> **WORK INSTRUCTIONS**
Locate the line that contains "Pigskin Knitted Wool" in the entries below, then repeat it and every following line through the line that contains "Gruppenbild auf der", exactly, and no others.

Data items:
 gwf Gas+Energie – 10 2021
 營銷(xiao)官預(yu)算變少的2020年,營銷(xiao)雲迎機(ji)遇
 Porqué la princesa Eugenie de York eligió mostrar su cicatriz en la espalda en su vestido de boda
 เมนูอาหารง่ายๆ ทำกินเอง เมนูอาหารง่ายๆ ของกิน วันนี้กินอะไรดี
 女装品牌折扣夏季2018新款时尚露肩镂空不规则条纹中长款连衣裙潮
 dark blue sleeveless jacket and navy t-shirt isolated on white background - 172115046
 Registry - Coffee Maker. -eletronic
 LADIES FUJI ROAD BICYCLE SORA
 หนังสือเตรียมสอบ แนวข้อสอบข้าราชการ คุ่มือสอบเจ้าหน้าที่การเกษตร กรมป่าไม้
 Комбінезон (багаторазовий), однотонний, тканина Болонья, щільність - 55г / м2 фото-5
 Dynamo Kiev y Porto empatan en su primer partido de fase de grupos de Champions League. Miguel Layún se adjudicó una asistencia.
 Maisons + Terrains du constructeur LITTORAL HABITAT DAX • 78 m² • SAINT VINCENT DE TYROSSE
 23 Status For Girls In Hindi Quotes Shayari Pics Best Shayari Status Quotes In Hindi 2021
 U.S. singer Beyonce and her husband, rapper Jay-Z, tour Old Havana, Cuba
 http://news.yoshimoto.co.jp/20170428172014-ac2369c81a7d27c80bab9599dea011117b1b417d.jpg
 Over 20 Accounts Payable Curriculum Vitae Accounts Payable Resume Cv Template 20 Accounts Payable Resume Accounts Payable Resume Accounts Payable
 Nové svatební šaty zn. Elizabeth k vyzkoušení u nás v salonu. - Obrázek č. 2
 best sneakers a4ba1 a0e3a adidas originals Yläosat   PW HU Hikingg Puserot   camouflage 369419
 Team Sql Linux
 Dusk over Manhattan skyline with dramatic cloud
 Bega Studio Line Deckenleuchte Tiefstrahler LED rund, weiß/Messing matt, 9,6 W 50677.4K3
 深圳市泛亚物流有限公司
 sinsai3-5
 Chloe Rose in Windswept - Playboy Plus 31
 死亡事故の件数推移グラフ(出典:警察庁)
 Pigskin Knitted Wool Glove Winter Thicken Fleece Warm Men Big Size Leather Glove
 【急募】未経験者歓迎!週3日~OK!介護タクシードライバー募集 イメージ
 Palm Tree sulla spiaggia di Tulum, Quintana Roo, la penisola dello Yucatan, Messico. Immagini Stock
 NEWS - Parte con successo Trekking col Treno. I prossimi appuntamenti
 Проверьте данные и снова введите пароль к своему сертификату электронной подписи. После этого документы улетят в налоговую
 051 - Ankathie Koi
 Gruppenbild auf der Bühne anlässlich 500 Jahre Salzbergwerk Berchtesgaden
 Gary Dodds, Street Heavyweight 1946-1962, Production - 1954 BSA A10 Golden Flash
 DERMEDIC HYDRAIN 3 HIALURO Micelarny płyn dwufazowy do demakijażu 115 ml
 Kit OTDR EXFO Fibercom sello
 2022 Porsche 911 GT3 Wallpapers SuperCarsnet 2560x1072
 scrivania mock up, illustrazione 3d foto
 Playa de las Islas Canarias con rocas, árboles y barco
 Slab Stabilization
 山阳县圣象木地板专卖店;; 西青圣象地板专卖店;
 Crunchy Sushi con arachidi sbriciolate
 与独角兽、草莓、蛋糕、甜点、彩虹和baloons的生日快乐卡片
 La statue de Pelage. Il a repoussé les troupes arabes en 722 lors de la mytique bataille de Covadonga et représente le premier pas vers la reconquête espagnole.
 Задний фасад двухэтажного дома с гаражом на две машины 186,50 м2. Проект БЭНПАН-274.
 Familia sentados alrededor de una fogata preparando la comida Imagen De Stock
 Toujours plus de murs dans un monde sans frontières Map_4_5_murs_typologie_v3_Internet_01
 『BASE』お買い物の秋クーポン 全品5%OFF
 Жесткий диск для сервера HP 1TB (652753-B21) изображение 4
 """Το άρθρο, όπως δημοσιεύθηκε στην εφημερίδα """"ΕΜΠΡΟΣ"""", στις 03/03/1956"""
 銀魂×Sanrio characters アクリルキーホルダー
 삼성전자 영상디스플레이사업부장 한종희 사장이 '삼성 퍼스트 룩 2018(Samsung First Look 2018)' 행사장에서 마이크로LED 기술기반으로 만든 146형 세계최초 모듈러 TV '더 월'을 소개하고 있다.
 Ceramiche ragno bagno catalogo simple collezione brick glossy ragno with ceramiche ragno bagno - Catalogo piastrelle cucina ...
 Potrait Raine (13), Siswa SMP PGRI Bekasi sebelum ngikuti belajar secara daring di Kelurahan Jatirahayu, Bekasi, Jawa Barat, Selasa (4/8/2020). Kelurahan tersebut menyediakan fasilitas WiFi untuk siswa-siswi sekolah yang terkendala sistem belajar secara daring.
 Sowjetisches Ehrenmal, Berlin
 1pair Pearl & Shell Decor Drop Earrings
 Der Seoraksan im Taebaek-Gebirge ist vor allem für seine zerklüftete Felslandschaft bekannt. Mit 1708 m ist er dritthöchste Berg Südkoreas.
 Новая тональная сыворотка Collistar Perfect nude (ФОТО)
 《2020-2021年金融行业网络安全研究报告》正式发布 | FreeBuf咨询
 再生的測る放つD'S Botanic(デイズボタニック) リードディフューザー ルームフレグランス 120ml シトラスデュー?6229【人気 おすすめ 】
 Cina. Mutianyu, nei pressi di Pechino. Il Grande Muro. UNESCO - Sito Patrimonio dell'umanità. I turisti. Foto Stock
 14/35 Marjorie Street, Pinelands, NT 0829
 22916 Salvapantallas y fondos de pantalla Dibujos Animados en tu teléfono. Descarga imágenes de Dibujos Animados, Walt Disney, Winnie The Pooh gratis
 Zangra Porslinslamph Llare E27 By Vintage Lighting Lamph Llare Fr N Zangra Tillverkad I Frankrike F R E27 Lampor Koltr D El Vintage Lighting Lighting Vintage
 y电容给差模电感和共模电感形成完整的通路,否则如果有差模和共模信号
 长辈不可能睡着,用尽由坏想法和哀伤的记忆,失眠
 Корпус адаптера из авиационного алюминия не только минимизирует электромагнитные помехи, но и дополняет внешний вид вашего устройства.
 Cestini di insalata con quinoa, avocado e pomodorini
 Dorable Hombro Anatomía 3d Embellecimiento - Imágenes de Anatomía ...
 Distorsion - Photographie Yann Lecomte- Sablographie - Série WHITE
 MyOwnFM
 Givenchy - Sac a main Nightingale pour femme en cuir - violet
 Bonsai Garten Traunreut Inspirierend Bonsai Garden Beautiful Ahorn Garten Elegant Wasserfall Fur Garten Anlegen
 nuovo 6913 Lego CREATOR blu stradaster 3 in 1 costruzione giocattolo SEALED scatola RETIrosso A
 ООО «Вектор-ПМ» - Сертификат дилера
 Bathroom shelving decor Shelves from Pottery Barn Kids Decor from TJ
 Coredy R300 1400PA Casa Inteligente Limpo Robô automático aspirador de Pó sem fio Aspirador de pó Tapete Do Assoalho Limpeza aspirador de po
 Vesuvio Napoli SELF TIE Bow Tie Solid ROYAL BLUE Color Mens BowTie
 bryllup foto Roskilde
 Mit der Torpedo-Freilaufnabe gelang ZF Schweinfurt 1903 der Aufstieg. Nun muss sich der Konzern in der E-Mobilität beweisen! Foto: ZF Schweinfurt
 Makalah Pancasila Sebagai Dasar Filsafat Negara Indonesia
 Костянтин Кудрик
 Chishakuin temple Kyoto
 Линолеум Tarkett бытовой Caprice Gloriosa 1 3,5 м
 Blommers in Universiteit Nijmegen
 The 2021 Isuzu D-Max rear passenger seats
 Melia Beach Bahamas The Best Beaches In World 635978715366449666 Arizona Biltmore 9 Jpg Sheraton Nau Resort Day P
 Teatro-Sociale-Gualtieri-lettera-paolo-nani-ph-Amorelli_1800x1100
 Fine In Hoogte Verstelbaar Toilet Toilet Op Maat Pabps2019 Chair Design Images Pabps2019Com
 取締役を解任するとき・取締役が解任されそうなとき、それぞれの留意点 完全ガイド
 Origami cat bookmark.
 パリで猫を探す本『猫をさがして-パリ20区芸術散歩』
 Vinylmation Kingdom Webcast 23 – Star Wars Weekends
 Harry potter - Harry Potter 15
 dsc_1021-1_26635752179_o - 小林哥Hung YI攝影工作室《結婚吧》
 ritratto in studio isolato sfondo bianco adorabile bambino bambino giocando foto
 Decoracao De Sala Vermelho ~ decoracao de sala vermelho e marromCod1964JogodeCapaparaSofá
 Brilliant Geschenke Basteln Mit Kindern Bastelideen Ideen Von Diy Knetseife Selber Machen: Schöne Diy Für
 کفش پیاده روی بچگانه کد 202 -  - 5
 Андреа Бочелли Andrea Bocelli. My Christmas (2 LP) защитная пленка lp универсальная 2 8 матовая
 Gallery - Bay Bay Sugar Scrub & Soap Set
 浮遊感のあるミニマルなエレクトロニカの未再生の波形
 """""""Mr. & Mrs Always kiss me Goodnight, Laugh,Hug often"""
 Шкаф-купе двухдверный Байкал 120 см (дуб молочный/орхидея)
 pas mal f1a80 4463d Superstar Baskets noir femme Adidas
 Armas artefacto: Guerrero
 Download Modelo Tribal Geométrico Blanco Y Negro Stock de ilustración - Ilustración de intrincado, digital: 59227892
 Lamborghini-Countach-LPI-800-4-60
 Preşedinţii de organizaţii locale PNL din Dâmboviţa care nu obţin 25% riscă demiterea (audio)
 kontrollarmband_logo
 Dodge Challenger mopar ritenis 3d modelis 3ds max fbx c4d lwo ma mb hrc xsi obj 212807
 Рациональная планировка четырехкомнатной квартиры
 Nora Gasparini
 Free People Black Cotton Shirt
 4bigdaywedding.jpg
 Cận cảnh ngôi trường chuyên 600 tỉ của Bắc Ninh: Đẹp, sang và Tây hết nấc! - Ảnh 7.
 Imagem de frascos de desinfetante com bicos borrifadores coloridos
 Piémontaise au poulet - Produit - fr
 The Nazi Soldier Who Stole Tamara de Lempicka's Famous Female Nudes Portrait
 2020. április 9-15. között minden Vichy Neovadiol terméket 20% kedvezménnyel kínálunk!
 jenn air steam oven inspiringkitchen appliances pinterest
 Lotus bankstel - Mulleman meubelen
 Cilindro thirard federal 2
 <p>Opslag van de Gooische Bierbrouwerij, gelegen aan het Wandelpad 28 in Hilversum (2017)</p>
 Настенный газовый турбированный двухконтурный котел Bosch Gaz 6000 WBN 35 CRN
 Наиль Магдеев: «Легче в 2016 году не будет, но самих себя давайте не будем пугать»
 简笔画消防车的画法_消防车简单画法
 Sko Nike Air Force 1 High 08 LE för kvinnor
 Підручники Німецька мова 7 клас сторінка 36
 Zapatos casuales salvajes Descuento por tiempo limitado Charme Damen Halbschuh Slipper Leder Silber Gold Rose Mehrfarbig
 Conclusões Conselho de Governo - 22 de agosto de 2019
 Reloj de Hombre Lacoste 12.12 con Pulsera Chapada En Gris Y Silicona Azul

> **WRITTEN REPLY**
 Pigskin Knitted Wool Glove Winter Thicken Fleece Warm Men Big Size Leather Glove
 【急募】未経験者歓迎!週3日~OK!介護タクシードライバー募集 イメージ
 Palm Tree sulla spiaggia di Tulum, Quintana Roo, la penisola dello Yucatan, Messico. Immagini Stock
 NEWS - Parte con successo Trekking col Treno. I prossimi appuntamenti
 Проверьте данные и снова введите пароль к своему сертификату электронной подписи. После этого документы улетят в налоговую
 051 - Ankathie Koi
 Gruppenbild auf der Bühne anlässlich 500 Jahre Salzbergwerk Berchtesgaden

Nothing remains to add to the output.